Business, Finance and Market News

Miners on price par

  • Jamie Freed
  • July 5, 2008

BHP BILLITON said yesterday that it would accept the same rise in the benchmark price of iron ore as agreed by Rio Tinto and its customers, ending months of protracted negotiations.

The BHP settlement - struck with China's leading steelmaker, Baosteel - means both Australian miners will receive a 79.88 per cent increase in the price of iron ore fines and a 97 per cent increase in the price of lump ore. Other Australian iron ore miners, such as Fortescue Metals, will accept the same price.

"There is no surprise that BHP would accept the same prices Rio has settled as BHP is the smallest among the three major exporters to China," Luo Wei, an analyst in Shanghai with China International Capital, told Bloomberg.

BHP's president of marketing, Tom Schutte, said his company now expected to settle the remainder of its benchmark price-linked contracts with customers at the same price.

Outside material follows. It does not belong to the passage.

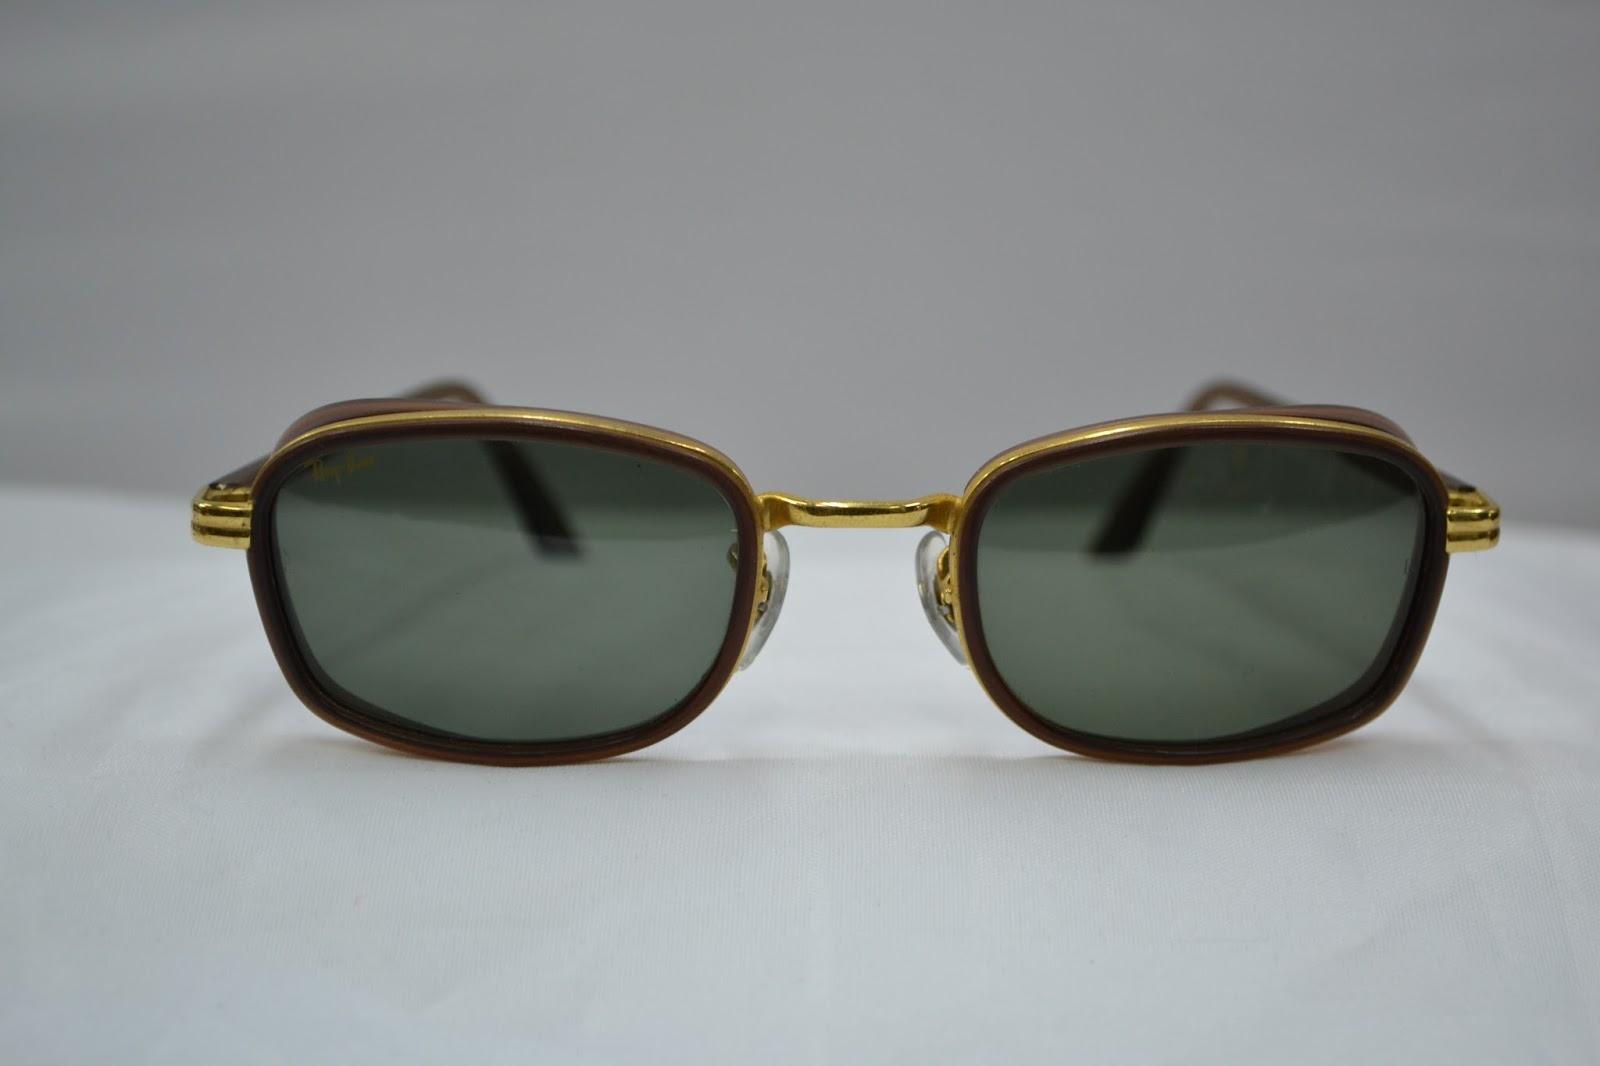 6ed969d88b5 Vintage sunglass  Vintage

BHP aims over the longer term to dismantle the benchmark system and replace it with an indexed price that would provide more parity with the spot market. It is no longer signing new contracts based on the benchmark price and is supporting a screen-based trading system similar to that used for energy coal.

For the first time this year, Australian miners settled for a different price than the world's largest iron ore miner, Vale of Brazil. BHP and Rio argued they deserved a higher price than Vale due to the lower cost of shipping ore from Australia to Asia than from Brazil.